Ma l'emergenza più generale riguarda comunque la ripartenza del mercato del lavoro in generale, visto che gli ultimi dati Unioncamere-Anpal hanno acceso una spia rossa. Nel quarto trimestre dell’anno le previsioni delle imprese sulle nuove assunzioni sono molto negative, con cali generalizzati anche a doppia cifra in settori core come la manifattura. Un allarme che segue quello, lanciato nei giorni scorsi, da Inps e Istat, che hanno evidenziato un ampio ricorso alla Cigs e una riduzione dell’occupazione. Per questo nei primi 100 giorni del nuovo governo Meloni il lavoro sarà una priorità. Come dichiarato apertamente dagli esperti di Fdi, Lega e Fi.

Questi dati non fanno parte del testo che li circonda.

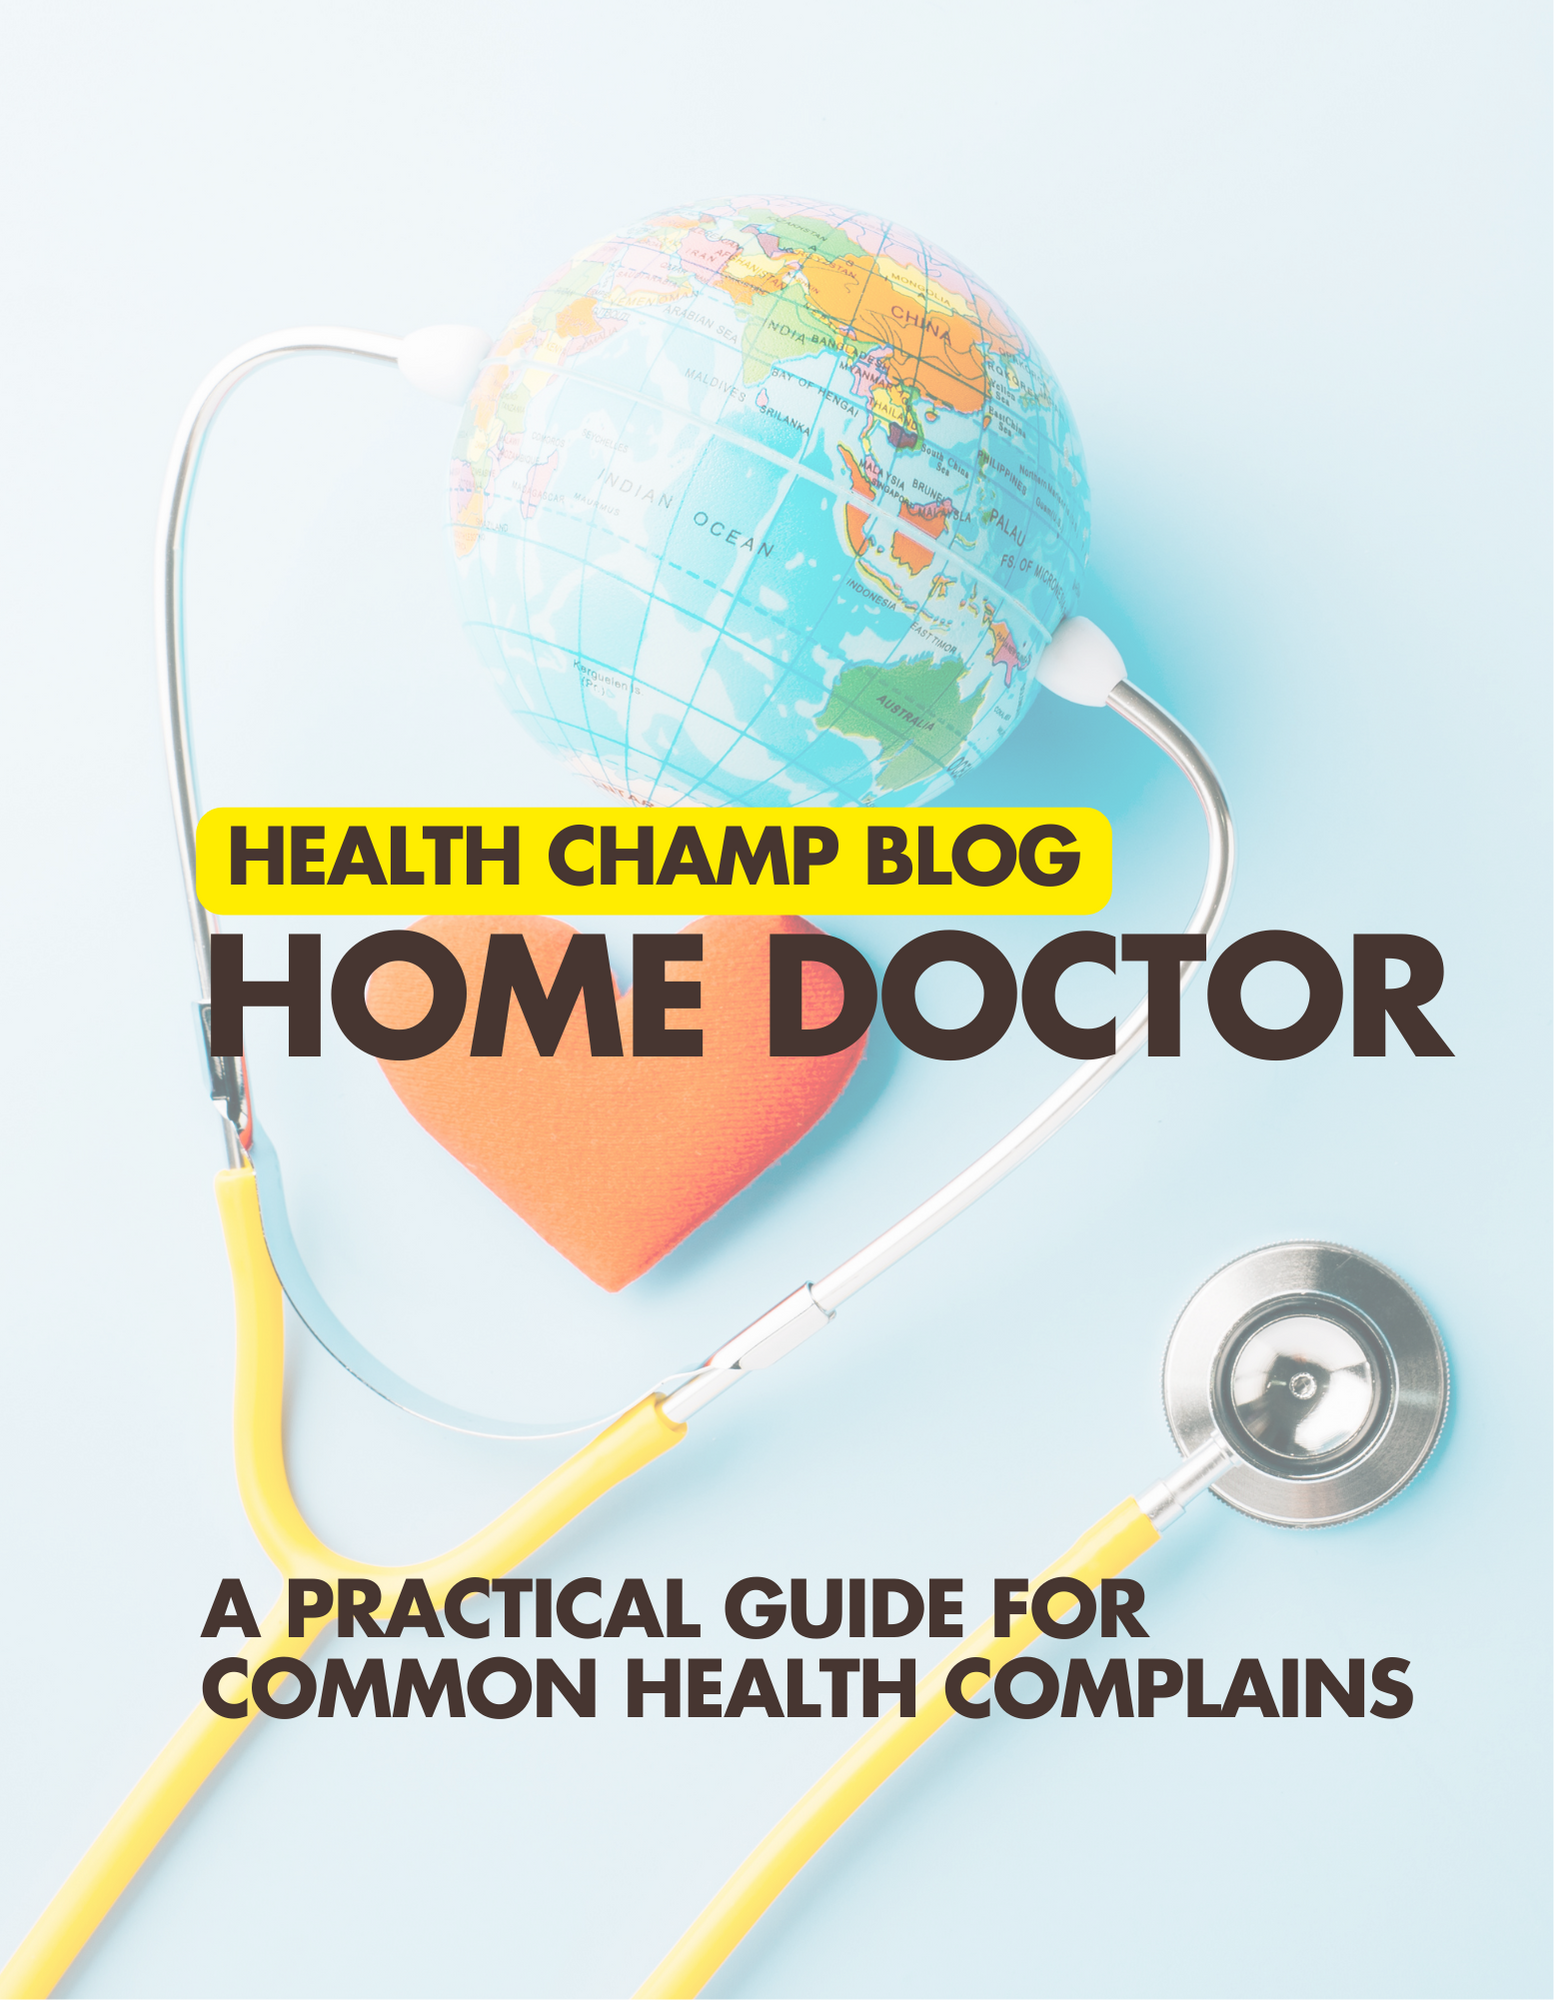 Home Doctor Ebook - HealthChampBlog

L'urgente riforma del gioco

Di fronte a uno scenario di questo tipo, dunque, mantenere nella totale incertezza e in preda allo sbando uno dei pochi comparti che nel tempo (pandemia a parte) è continuato a crescere, anche in termini occupazionali, come quello del gioco, sarebbe un crimine. Tanto più che in questo settore, a differenza di altri, la soluzione sarebbe davvero a portata di mano. Senza la necessità, da parte dello Stato, di dover attuare chissà quali investimenti per la creazione di infrastrutture o altro: si tratterebbe soltanto di attuare una riforma e di fissare o ripristinare dei paletti in termini di gestione e regolamentazione del comparto, attuando una semplificazione e una razionalizzazione normativa che, da sole, consentirebbero di ripartire nel modo migliore, oltre a consentire una vera e propria messa in sicurezza del mercato, anche agli occhi dei consumatori, visto che – come evidenziano diversi studi interni o esterni al settore – è evidente a tutti che una difficoltà nel settore del gioco legale si traduce inevitabilmente in una ricaduta verso il gioco illegale da parte degli italiani. Con tutti i rischi del caso per i giocatori, ma anche per lo Stato stesso. Ecco perchè bisogna fare bene e bisogna farlo presto. Del resto, va detto, la situazione politica sul fronte dei giochi potrebbe essere anche molto più semplice di prima: ora che il ruolo del Movimento 5 Stelle – notorio oppositore sulla regolamentazione del gioco – è fortemente ridimensionato e ora che all'opposizione ci sono quelle stesse forze che (5 Stelle a parte) avevano già individuato soluzioni o proposte di riordino del settore, nelle precedenti legislature. Come dimostra, per esempio, il disegno di legge specifico sul comparto già depositato dal Partito democratico già nei primissimi giorni di attività del nuovo Parlamento. Allora, cosa attendere per mettere le mani sul settore e attuare quella riforma che si attende da anni e che porterebbe soltanto benefici, a tutti?